Not necessarily, but the transfer is a signal worth reading carefully because it points in one of two directions and which one matters a great deal.
When an inmate gets into a fight, spends three weeks in the hole, and then gets transferred to a different facility, the move is almost always deliberate. Facilities do not transfer people after a fight without a reason, and there are two common ones.
The first is that he was the aggressor or a willing participant and the fight was serious enough to trigger a custody level increase. In that case the transfer is to a higher security facility, which is a direct consequence of the incident. A custody increase also typically comes with loss of good time credits, which does push the release date back. How much depends on what the Disciplinary Hearing Officer decided and how many credits he had accumulated. It does not automatically mean the maximum sentence, but losing good time is a real and concrete setback.

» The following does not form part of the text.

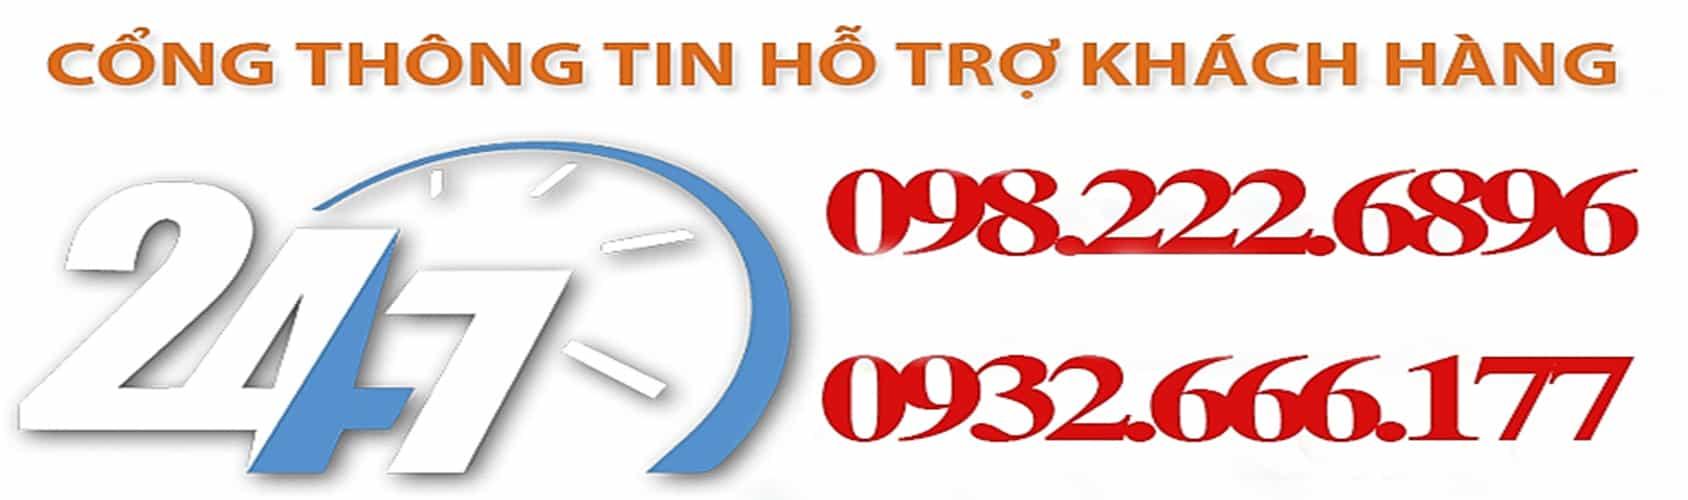 cong-thong-tin-can-dien-tu-hiep-phat

The second possibility is that he was the victim, or was caught in a situation where his safety in the original facility could no longer be guaranteed. In that case the transfer is protective, moving him somewhere he can safely return to general population without the same threat present. That kind of transfer does not carry the same disciplinary weight and would not affect his good time credits or push him toward a maximum sentence.
The way to tell which situation applies is to ask him directly and also to find out what his new custody level is. If he went up in security classification, the fight was likely treated as his fault or at a minimum a mutual participation. If his classification stayed the same or the new facility is comparable to the old one, the transfer was more likely protective.
Either way his good time credit balance is the number to watch, and his case manager at the new facility can tell him exactly where that stands.